Acting on behalf of Mayor William O’Dwyer, Grover A. Whalen, chairman of the Mayor’s Committee for the Golden Anniversary, told the Israeli soldiers that “the City of New York is proud of the opportunity to receive representatives of Israel, the youngest democracy in the world. New York justly takes pride in the fact that many of its citizens have made signal contributions to the rebuilding of a homeland for the homeless and oppressed Jews of the world, just as it is proud of the fact that many of those homeless and oppressed who were in past years given haven here have played a major role in the growth of the City, the 50th anniversary of which we are now celebrating,” Whalen declared.

“We, in the largest city of the greatest democracy of the world, welcome the occasion of Israel Day to express our admiration for the courage and heroism of the people of Israel, who have taken on the tremendous job of building a new nation, despite almost overwhelming odds.
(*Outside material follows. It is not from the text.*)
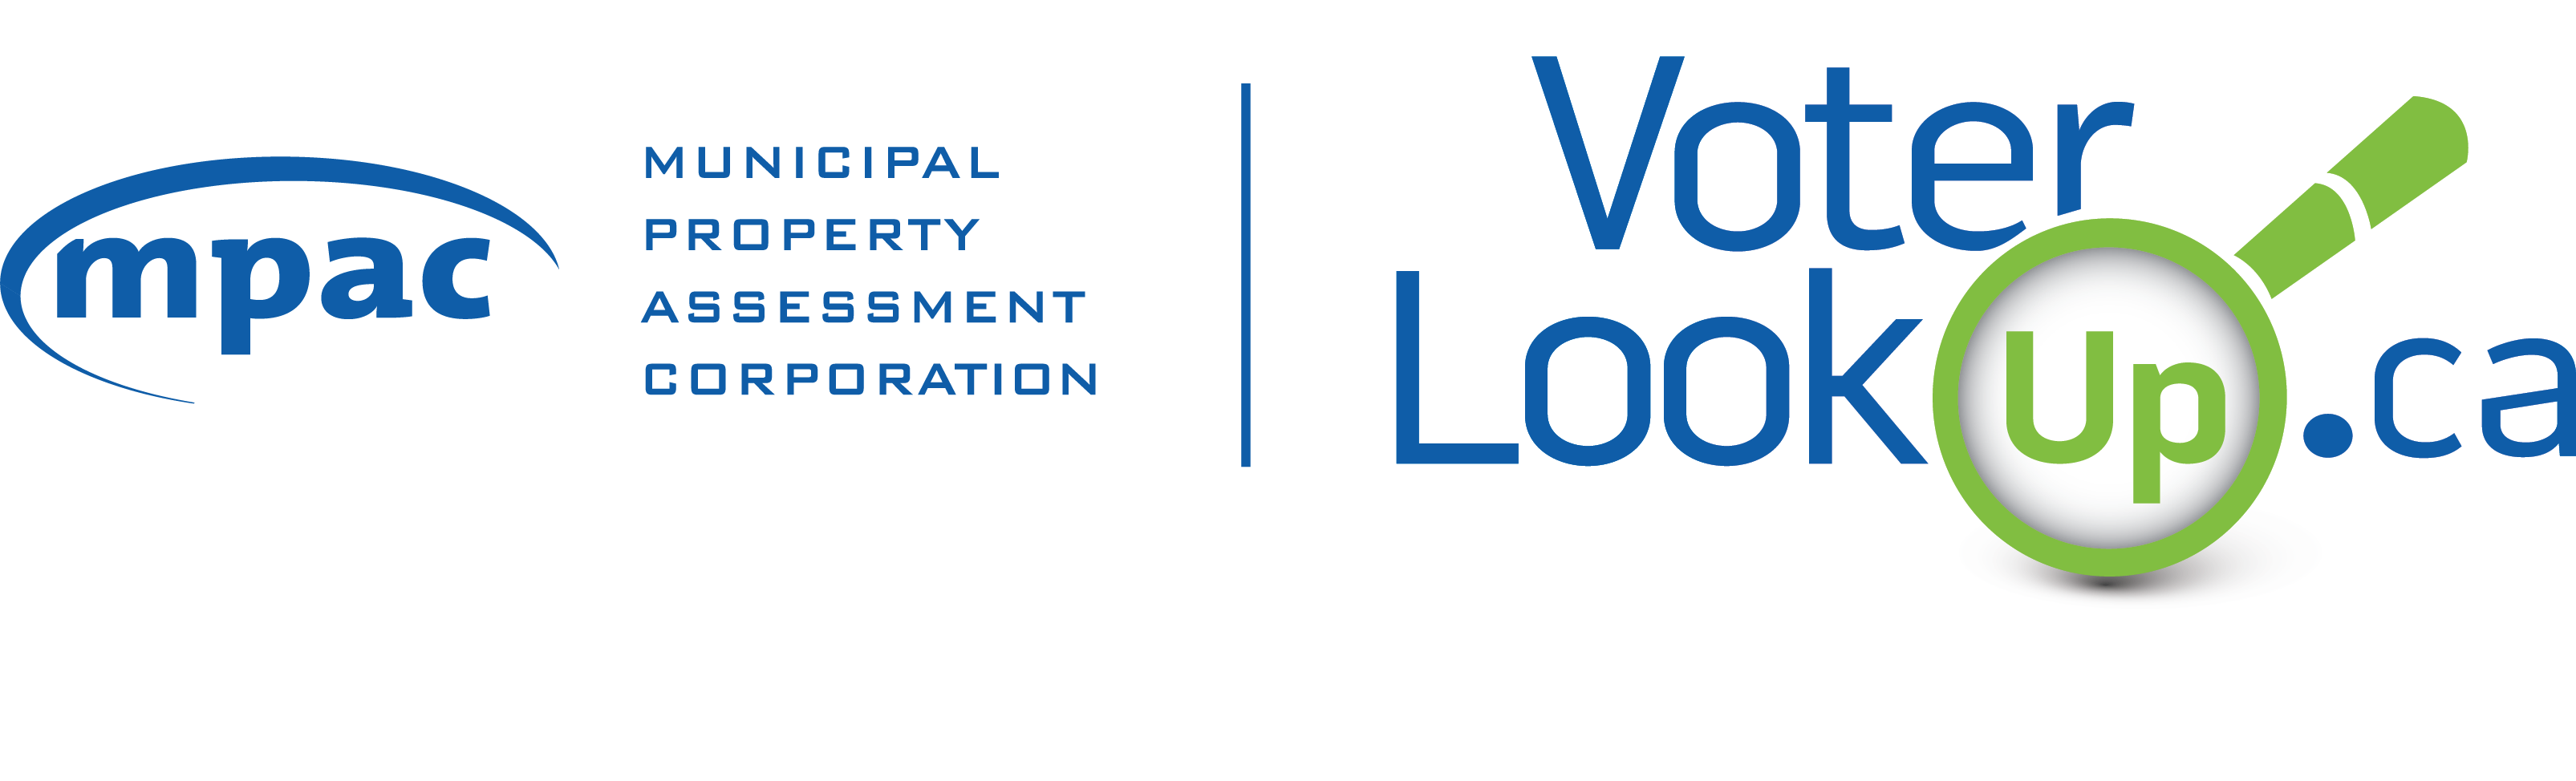 MPAC and Voterlookup.ca logos 
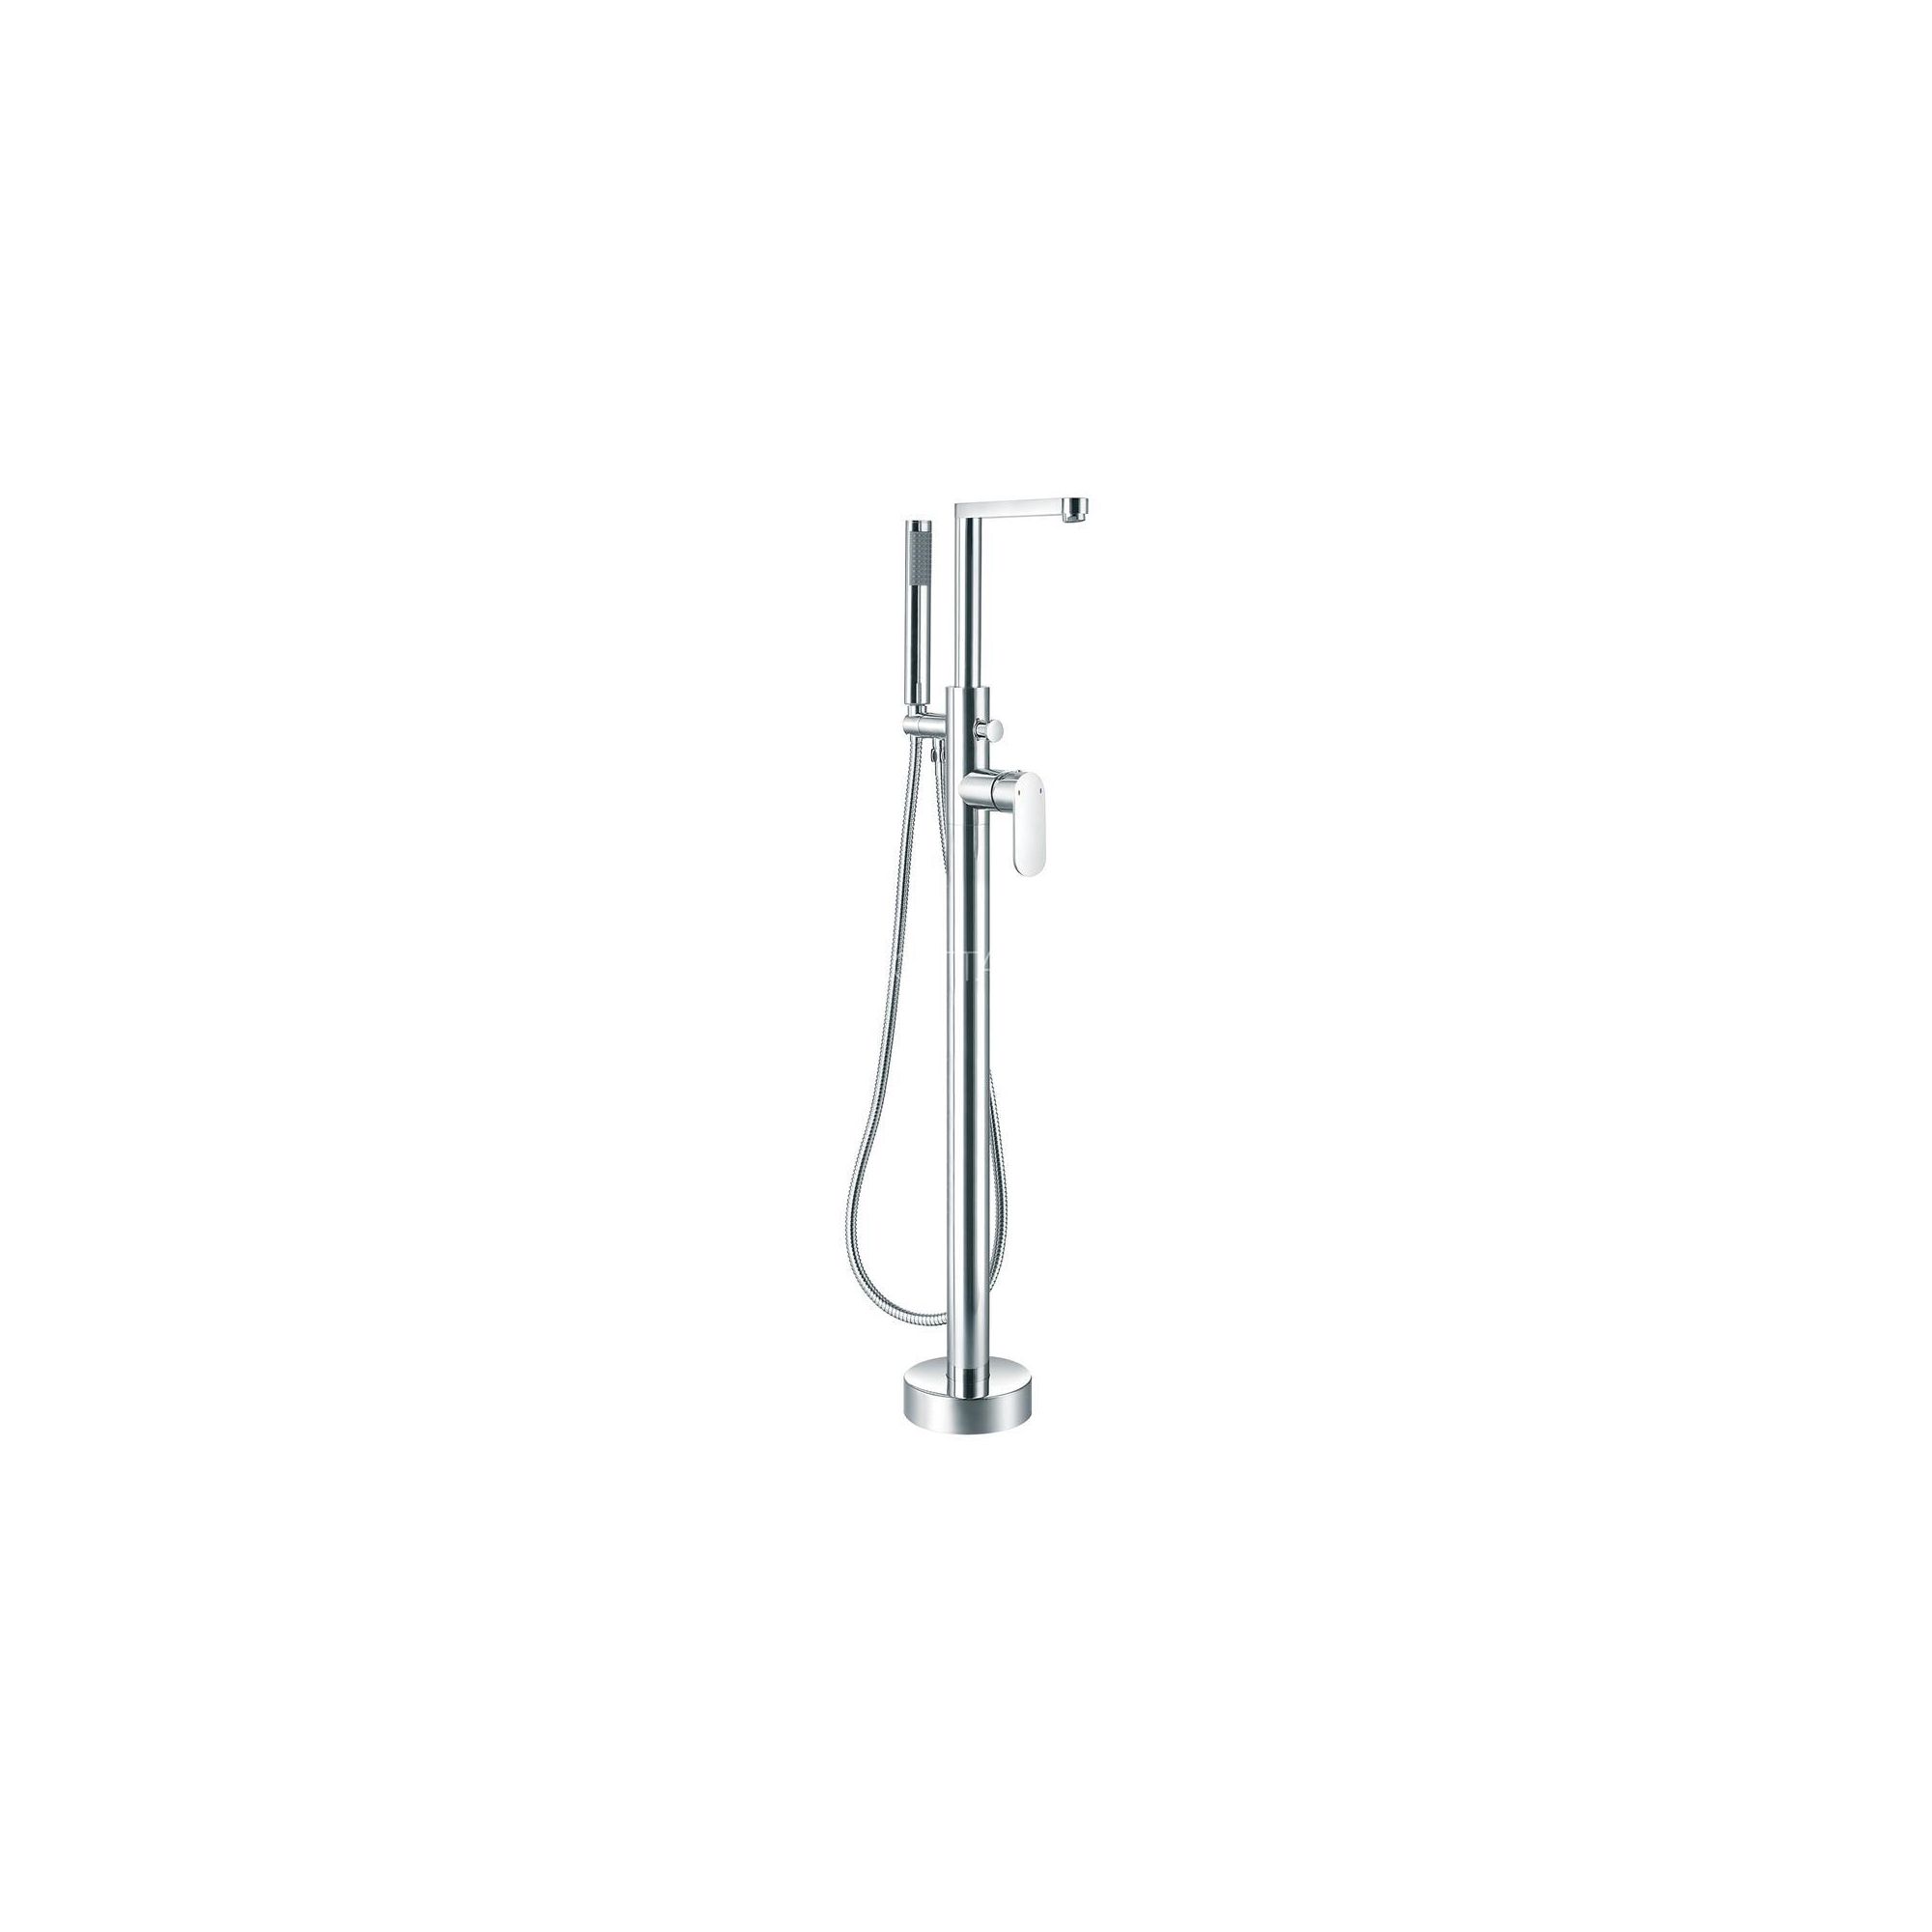 Sagittarius Metro Floor Mounted Bath Shower Mixer Tap with Shower Kit at Tesco Direct

We are confident that Israel will grow and prosper, and I know that the people of New York will continue all possible assistance to the builders and defenders of Israel through the United Jewish Appeal.

INSIGNIA OF ISRAELI ARMY PRESENTED TO MAYOR’S REPRESENTATIVE

Lieutenant Shula Friedberg, of the Israeli Army’s Women’s Corps, presented an official insignia of the Israeli Army to Whalen. A miniature sword, around which an olive branch is entwined, the insignia, Lt. Friedberg told Whalen, signified “Israel’s strong desire for peace, and its equally strong determination to defend itself against all those who seek to deny it the opportunity to rebuild the Jewish nation on the ancient soil of Israel.”

Captain Yehuda Koppel, a veteran of Israel’s major battles who saw service with the British Army during World War II, speaking for the delegation, said that “we wish to convey to the people of New York the gratitude of the people of Israel for their support in the up building of the Jewish homeland.”

Official greetings from the Government of Israel were voiced at the reception by Arthur Lourie, Israeli Consul General in New York, who expressed his appreciation for the designation of Israel Day by the Major’s Committee. Pointing out that the state of Israel could not have come into being without sympathy and assistance from the United States, and from the people of New York in particular, Lourie said that “50 years from now, at similar celebrations in Tel Aviv and other Israeli cities, New York will be honored for its expressions of friendship today.”